- Не кричи, пожалуйста, Устинья Николаевна! - сказала Софья Федосеевна.
- Ну, и ты, Софьюшка, на меня!
Женщины опять замолчали.
- И отчего это ты, Николаевна, пьянствуешь? Ну, выпила бы косушку перед обедом, легла спать, вечером тоже косушку… Да дома. А то ведь уж безобразничаешь много! - проговорила Лизавета Федосеевна.
- Худая я, скверная женщина… И сама знаю об этом. Да что ж я сделаю? Сердце так и сосет!
- То-то вот и скверно, что ты все деньги пропиваешь, а потом твои ребятишки голодают. Нехорошо.
- И сама я знаю, да скверный я человек. Помереть мне надо, вот что. Жизнь мне надоела хуже горькой редьки; ребятишки мучают. С самого рождения, кажется, я не видала радостей; почти все в работе находилась и ничего от этой работы не нажила хорошего.
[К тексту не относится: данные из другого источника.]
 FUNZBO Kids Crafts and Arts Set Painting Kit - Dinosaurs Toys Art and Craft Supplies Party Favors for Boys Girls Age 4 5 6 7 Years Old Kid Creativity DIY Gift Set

Вот мой-то покойничек все упрекал, что я-де получаю за работу деньги и никаких повинностей не несу. А на то он и не хотел обратить внимания, што ведь я и за паспорт платила и за больницу с меня брали, хотя я и никогда еще там не лежала! Ну, опять надо за квартиру заплатить, и есть, и платье сшить; ведь я была молода, хотелось и одеться получше. Ну, а велик ли наш заработок, сами посудите! Ну, вот вышла я замуж, и помянуть это время нечем! Муж - пьяница, стал меня бить, не работал по неделям. Мы с ним исходили почти весь Петербург: где-где не жили! Теперь вот я одна, ребята есть-пить хочут, им надо одеться, а сами знаете, нашего брата с ребятами не везде-то жалуют на квартирах!
- Ты бы отдала детей. Что тебе с ними мучиться?
- Жалко. А придется, видно, отдать… Нет, я их при себе буду держать, пока еще могу работать. Я уж сама по себе испытала, Лизавета Федосеевна, каково расти-то в людях: сама не знала ни отца, ни матери.
Лизавета Федосеевна зажгла лампочку с керосином. По щекам Устиньи Николаевны текли слезы; Софья Федосеевна сидела грустная, подперши руками голову.